HB: It's the same process of not critiquing the problem but improving it…

HS: Yep. A nicer capitalism.

HB: We should talk about Haptics, where artist Yuri Pattison invited you to make a touchable 3D hologram within his Faraday Cage project (a Faraday cage is a 19th century invention that blocks out external electric currents, which Pattison recreated as a residency space in SPACE Studios). What's the difference between this work and Human Resolution

HS: Funnily enough, they're basically the same setup. I think that the Human Resolution show is a lot more interesting for me. Haptics was just a straight desire to reproduce this technology that I'd heard about, which was this touchable hologram, which I thought was potentially quite beautiful: that you could touch something that was a simulated object hanging in the space of a gallery that wasn't actually there. I found that more poetic and emotive and moving, in a more personal sense; something that would be touching, somehow. The promotional video for that technology contained one line that was "a floating image in mid air is no longer just a dream." There's this desire to give technology a physical form so there's at least there's something that will push back at you. I think I found that profound, in a way, because it means that people still desire each other, even if it's so mediated that they just desire to create some kind of holographic representation of something. It still speaks to a genuine desire for conjunctive social experience.

Human Resolution's a bit more negative, saying "look at you here as nothing but data". There's that Ashbery poem we were reading the other day where he says "much that is beautiful must be discarded so that we may resemble a taller impression of ourselves." There's a constant aspiration toward this image we've created of ourselves that we can't ever quite get to which is this, I suppose, want or desire: the "big other." You can't ever get it, you can't touch it. And data and Cloud computing perfectly fits into that as an ideological form because it's completely inaddressible. 

The work is also counter-narrative in a way—it's not a finished work, it requires the presence of somebody to be there; it's not a film, it's not a sculpture, it's not a thing. Even if what it's exposing is quite a dehumanizing, digitizing process, it's still an artwork that's activated by the viewer's presence. The desire to make machines instantly responsive to the body plays on a strange sort of humanism, which is so close to digital property protection. We have these swipe screens and fingerprint scans under the remit of protecting oneself against identity theft, but it's also the protection of private property, which is inseparable from force in some sense.

In terms of the image used, in both, they're again playing on these ideas of touch and communication. I find it interesting because it references what you're doing with the object as you try and get the image to come out of it. You're kind of implicated in the image as well.

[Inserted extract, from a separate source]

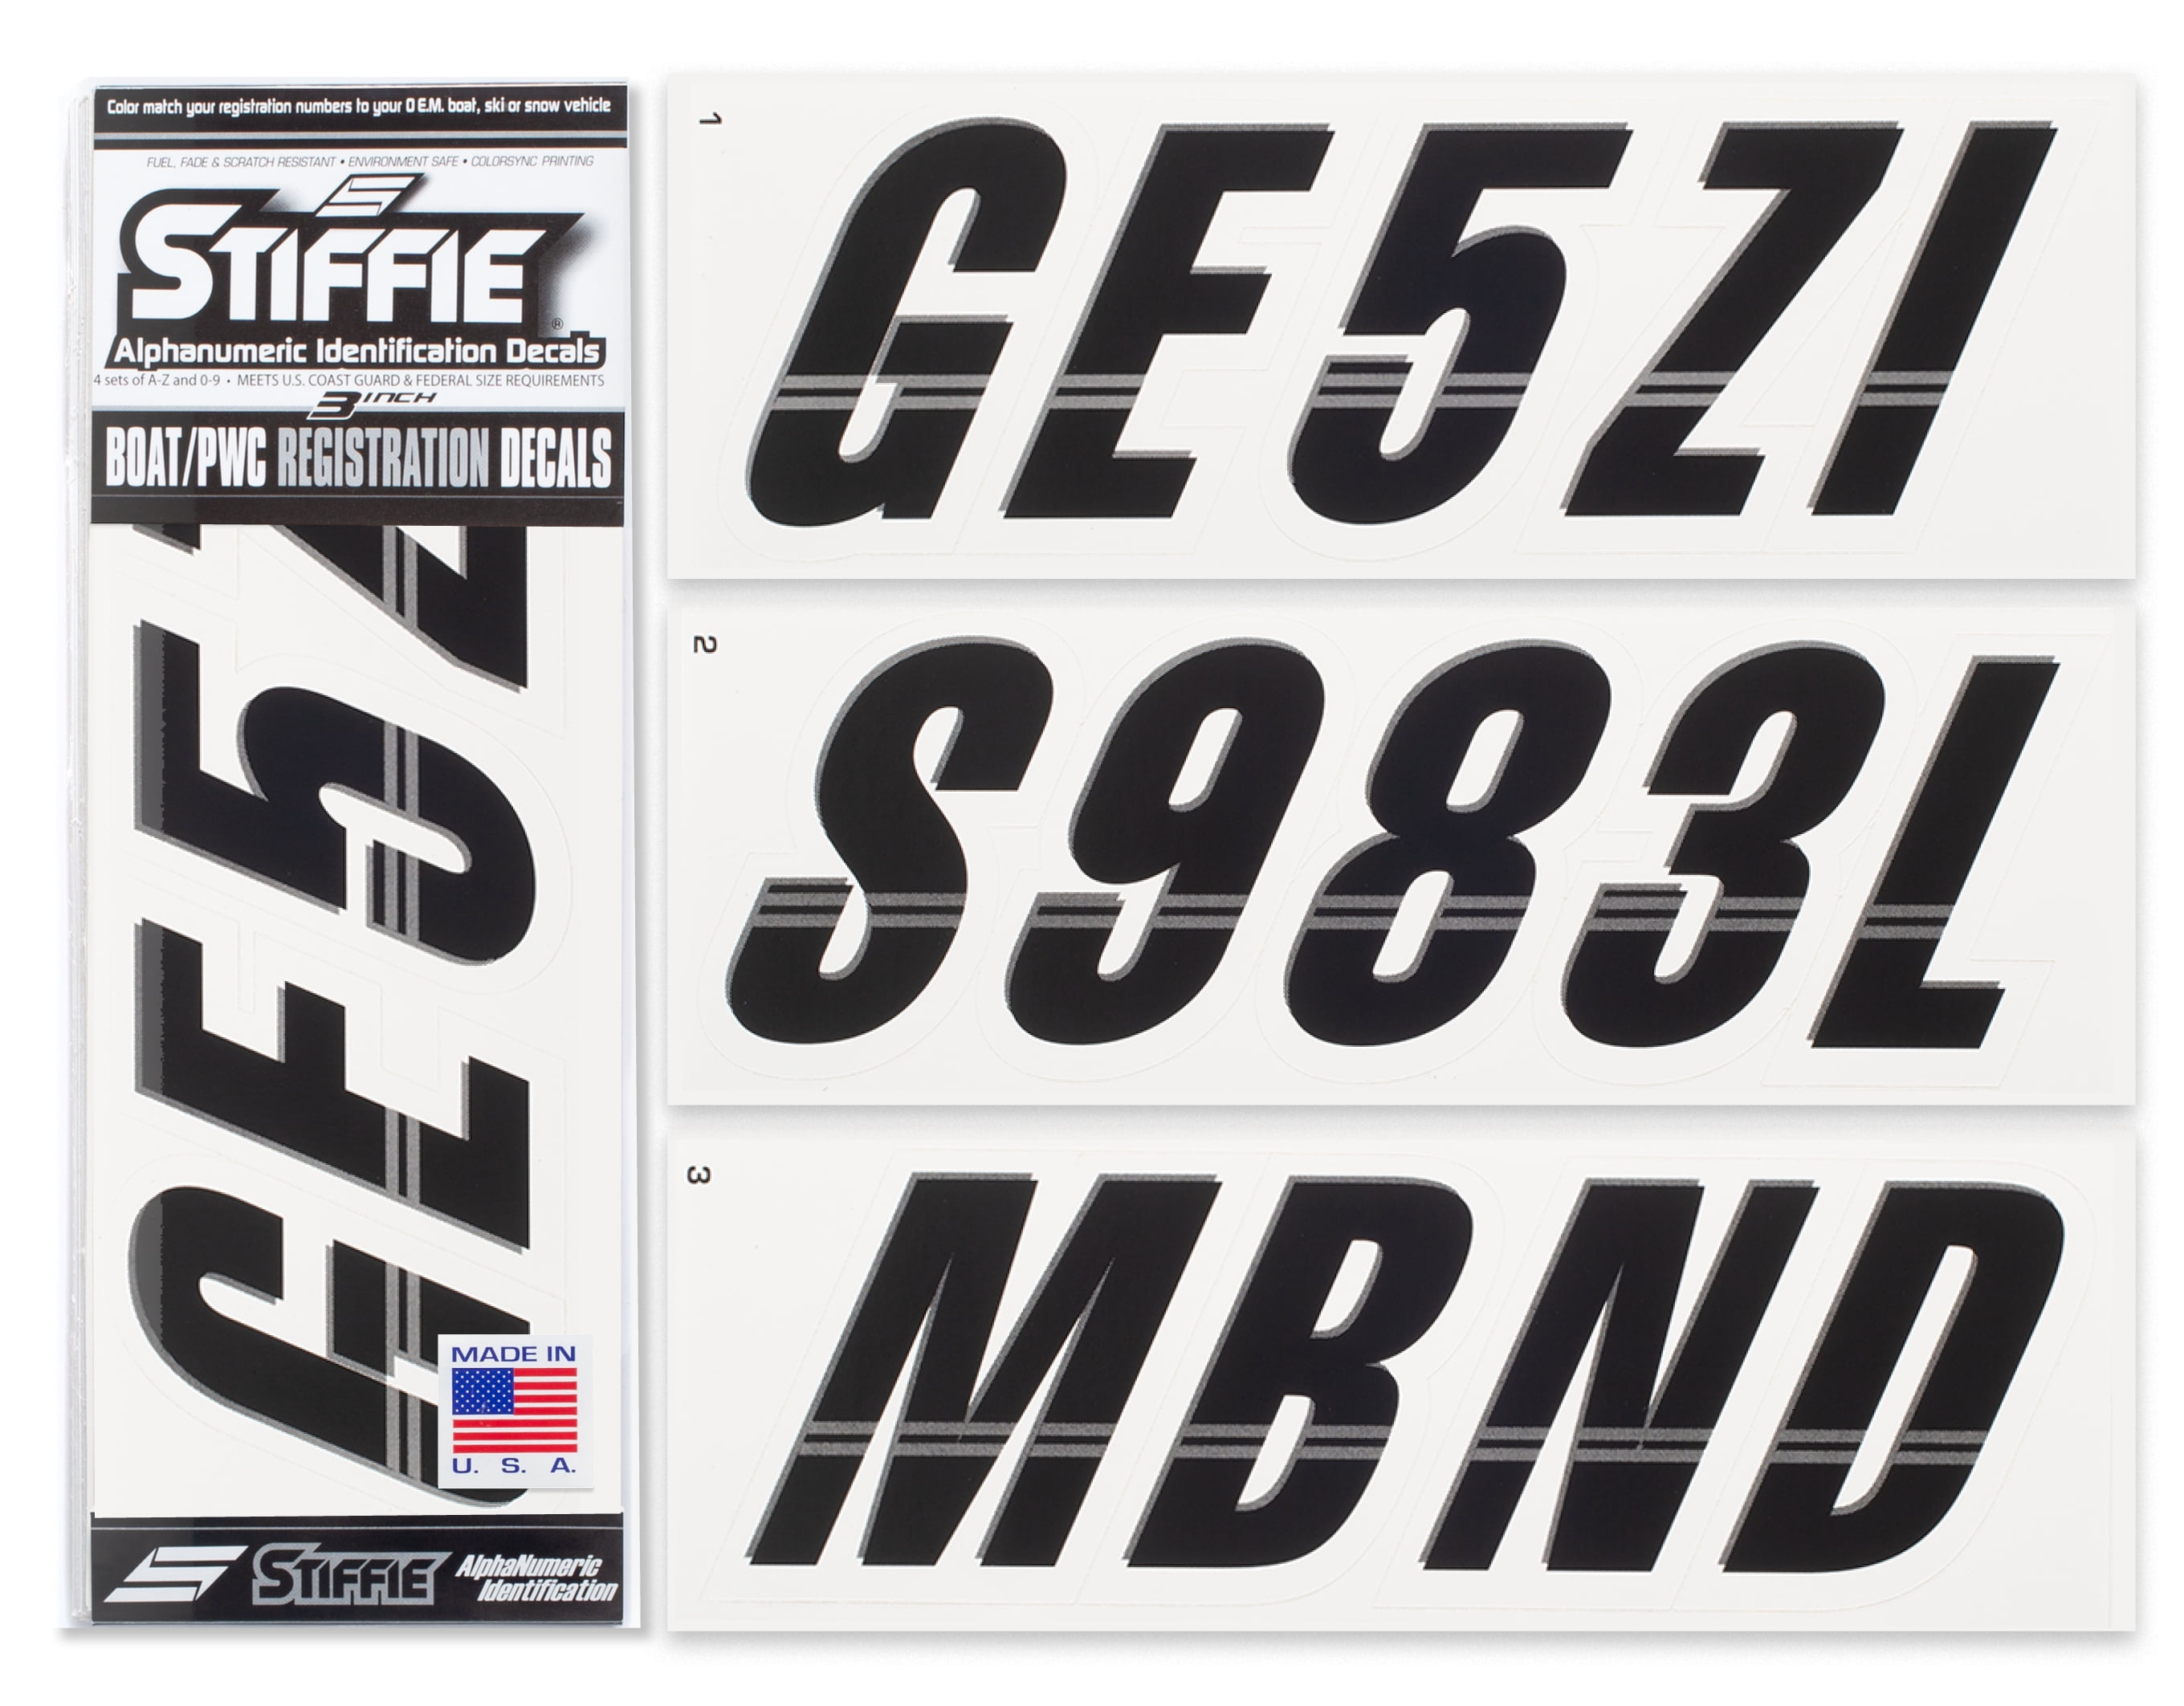 Details about   2x200mm Fishing Boat REGISTRATION rego numbers lettering marine decals stickers

Flexible Display, 2013, CSM, London. Video installation: digital video, projector, water vapor, wood, plastic.

Age: 26

Location: London 

How/when did you begin working creatively with technology? Started making websites when I was 15, because of getting an internet connection, and so taught myself HTML by copying and pasting stuff from other websites. 

Where did you go to school? What did you study? Central St Martins—Fine Art.  

What do you do for a living or what occupations have you held previously? I've worked in shops, a petrol station, the Tate Modern, and right now in a pub. 

What does your desktop or workspace look like? I just work wherever I am / I don't have one. Right now I share one large desk with my flatmates and we have some plants which is great.